RECORDS
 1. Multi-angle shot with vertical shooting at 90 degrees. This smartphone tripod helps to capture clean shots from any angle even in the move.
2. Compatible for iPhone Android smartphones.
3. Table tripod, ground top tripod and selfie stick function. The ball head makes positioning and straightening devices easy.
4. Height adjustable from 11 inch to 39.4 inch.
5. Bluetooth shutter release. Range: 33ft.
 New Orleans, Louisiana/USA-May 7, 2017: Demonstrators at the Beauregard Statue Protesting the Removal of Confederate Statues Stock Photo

---

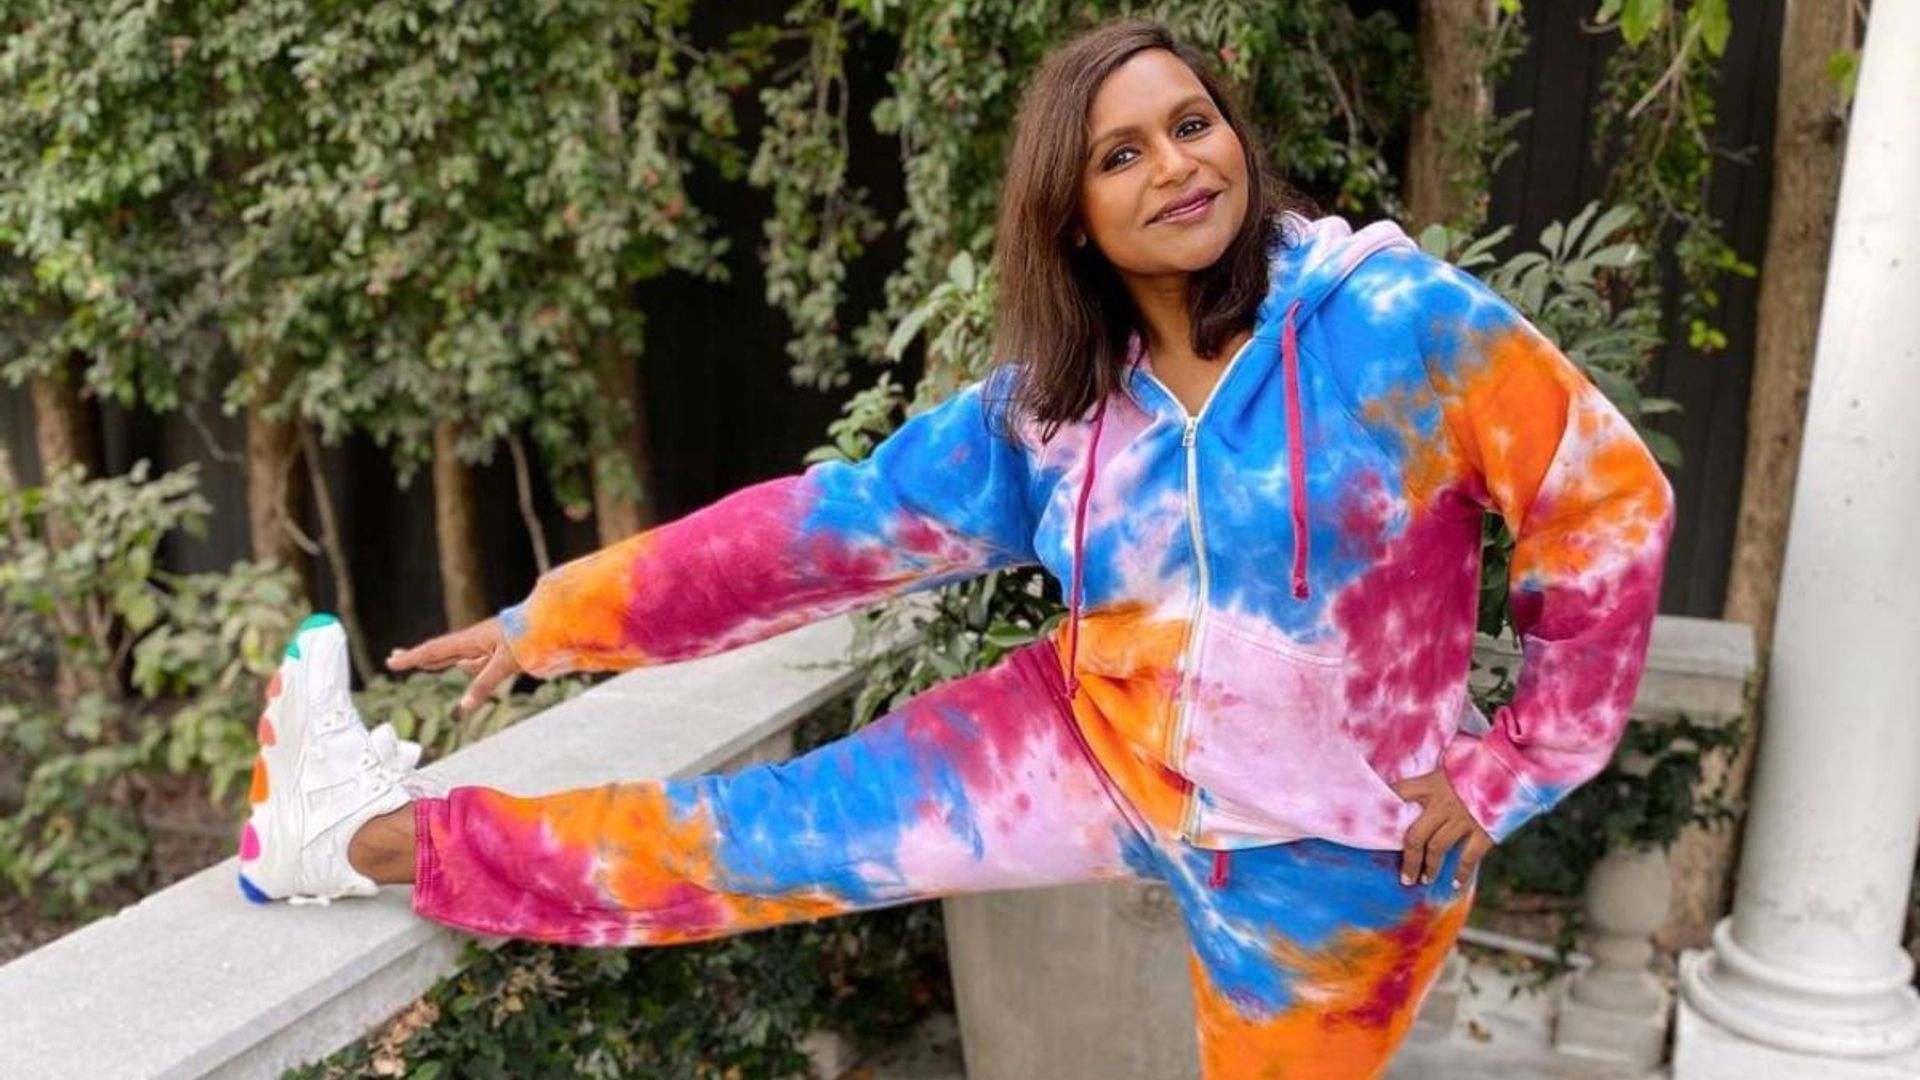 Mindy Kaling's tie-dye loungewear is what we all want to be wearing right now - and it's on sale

* * *

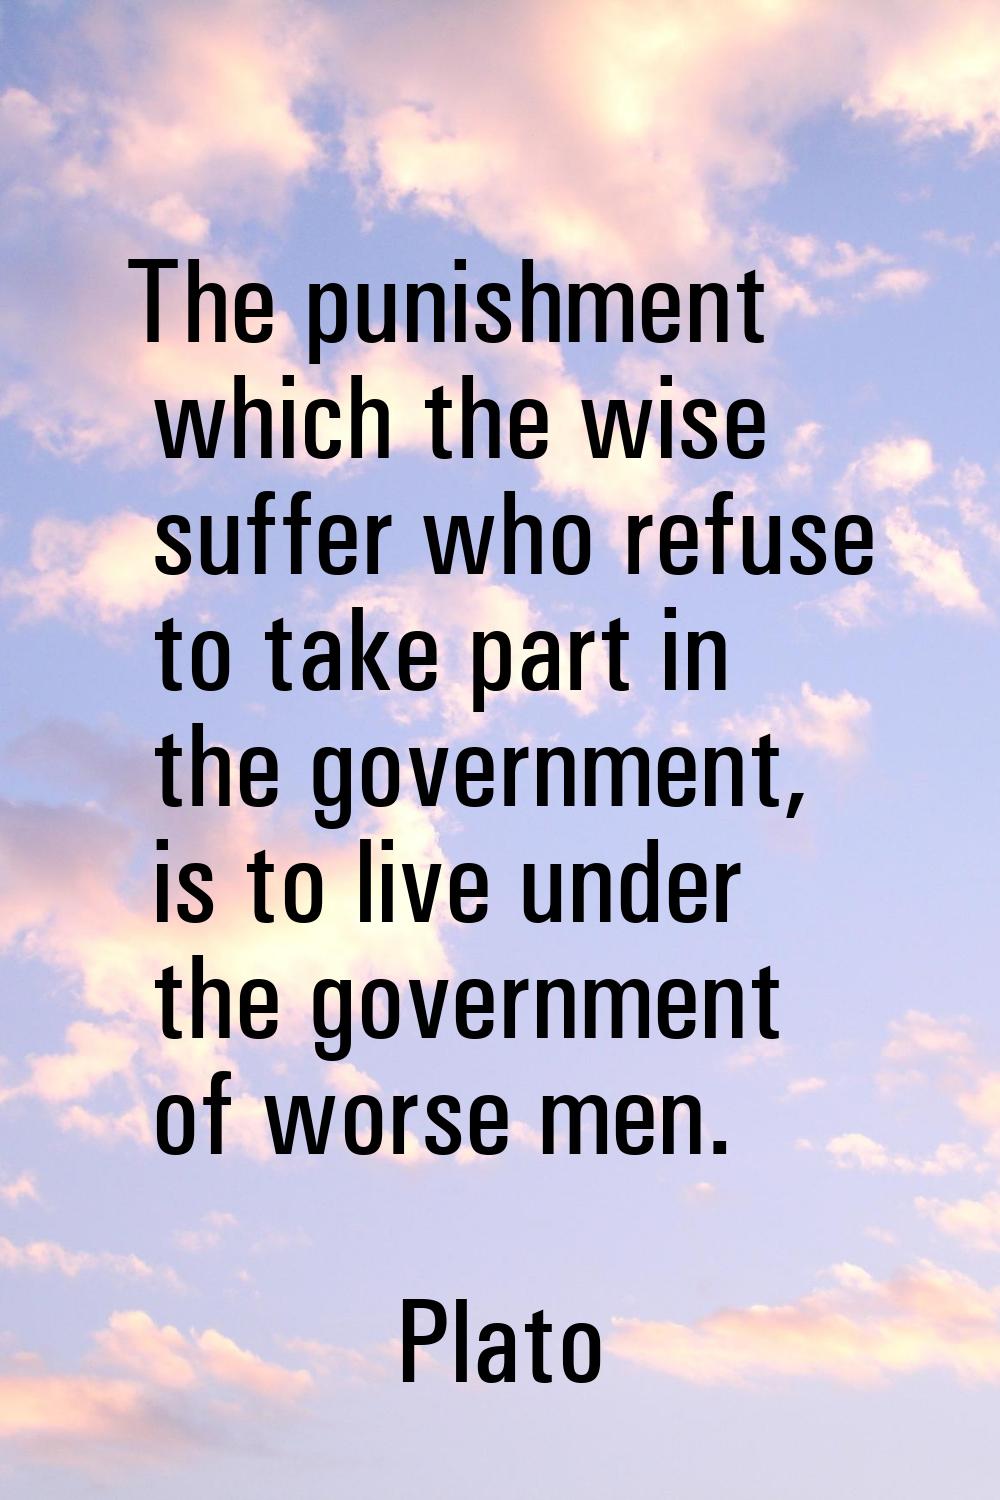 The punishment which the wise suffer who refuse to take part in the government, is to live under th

WORK INSTRUCTION
Given the records above, return exactly the lines starting at the line containing "5. Bluetooth shutter release. Range: 33ft." and ending at the line containing "New Orleans, Louisiana/USA-May", including both.

RESPONSE
5. Bluetooth shutter release. Range: 33ft.
 New Orleans, Louisiana/USA-May 7, 2017: Demonstrators at the Beauregard Statue Protesting the Removal of Confederate Statues Stock Photo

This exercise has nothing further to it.